Hello, I am trying to optimize the part of parameters in “one” nn.Parameter variable.

e.g. a simple CNN classifier

class Model(nn.Module):
    def __init__(self, device):
        self.resnet = ...
        feature_dim, n_cls = 64, 10
        self.classifier = torch.nn.Parameter(torch.Tensor(n_cls, feature_dim)).to(device)

    def forward(self, input):
        out = self.resnet(input)
        return out.matmul(self.classifier.t())

my_model = Model()

In some cases, I only want to optimize the certain rows in self.classifier.
e.g. [self.classifier[0], self.classifier[2], self.classifier[4], self.classifier[6], self.classifier[8]]

I figured out two possible ways to implement an optimizer for this situation, but both of them caused error.

params = []
for i, para in enumerate(my_model.classifier):
    if i % 2 == 0:

optimizer = Adam(params, ...)

error msg: TypeError: optimizer can only optimize Tensors, but one of the params is Module.parameters

  1. another similar way but different parameter group for the optimizer
params = []
for i, para in enumerate(my_model.classifier):
    if i % 2 == 0:
        params.append({"params": para})

optimizer = Adam(params, ...)

error msg: ValueError: can’t optimize a non-leaf Tensor

Does anyone have any ideas to optimize some entry in a nn.Parameter?

You could define separate parts of the self.classifier parameter and only pass the parts, which should be optimized, to the optimizer.

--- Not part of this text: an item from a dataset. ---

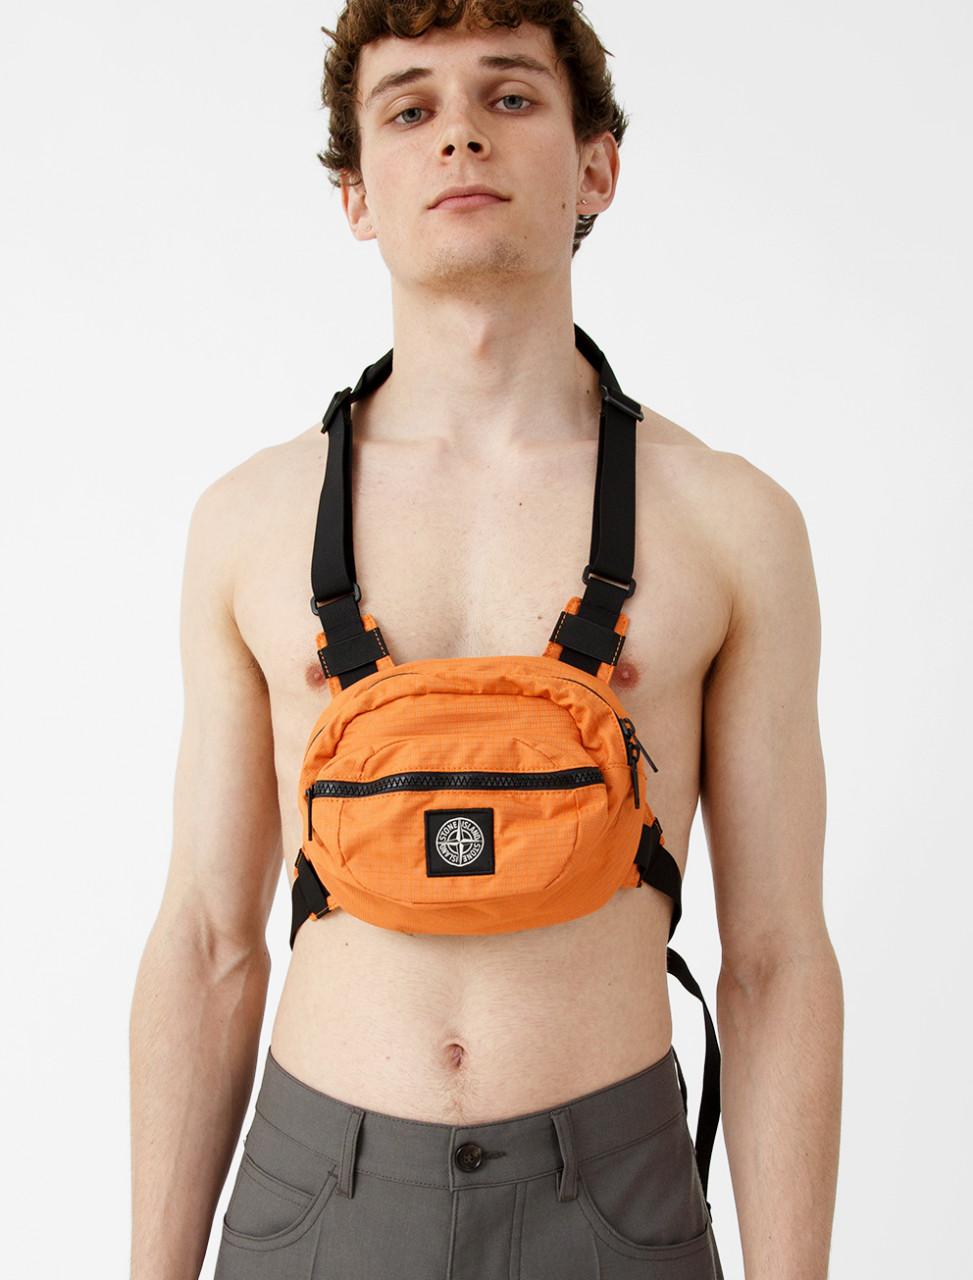 Waistbag in Orange

In the forward method you would then have to recreate the “full” parameter using torch.cat and/or torch.stack and apply it in the matmul.
Another approach would be to zero out the gradients of specific parts of the parameter, e.g. via register_hook, but this approach might be a bit tricky especially if your optimizer uses internal running stats.


Many thanks for your informative reply!
I first thought about approach 2 (zero out the gradient). However, I am not familiar with register_hook, so implement this approach before optimizer.step(), I manually zero out the gradients. In this case, if I init the optimizer with passing weight_decay argument (not zero), the optimizer still makes the parameter updated. (ref here)

Therefore, I think approach 1 (separate parts of parameter) might be better in practice. Explicitly tell the optimizer which parameters should be updated. (I think set requires_grad is also good, checked here)

Note: I am not sure whether register_hook can deal with the above mentioned update by weight_decay.

No, there wouldn’t be a difference in zeroing out the gradients by accessing the parameter directly or by using the hooks. For the mentioned shortcomings (or maybe unexpected behavior) I would also prefer the first approach.

I have implemented the first approach and it works well.
Many thanks for your kindly help!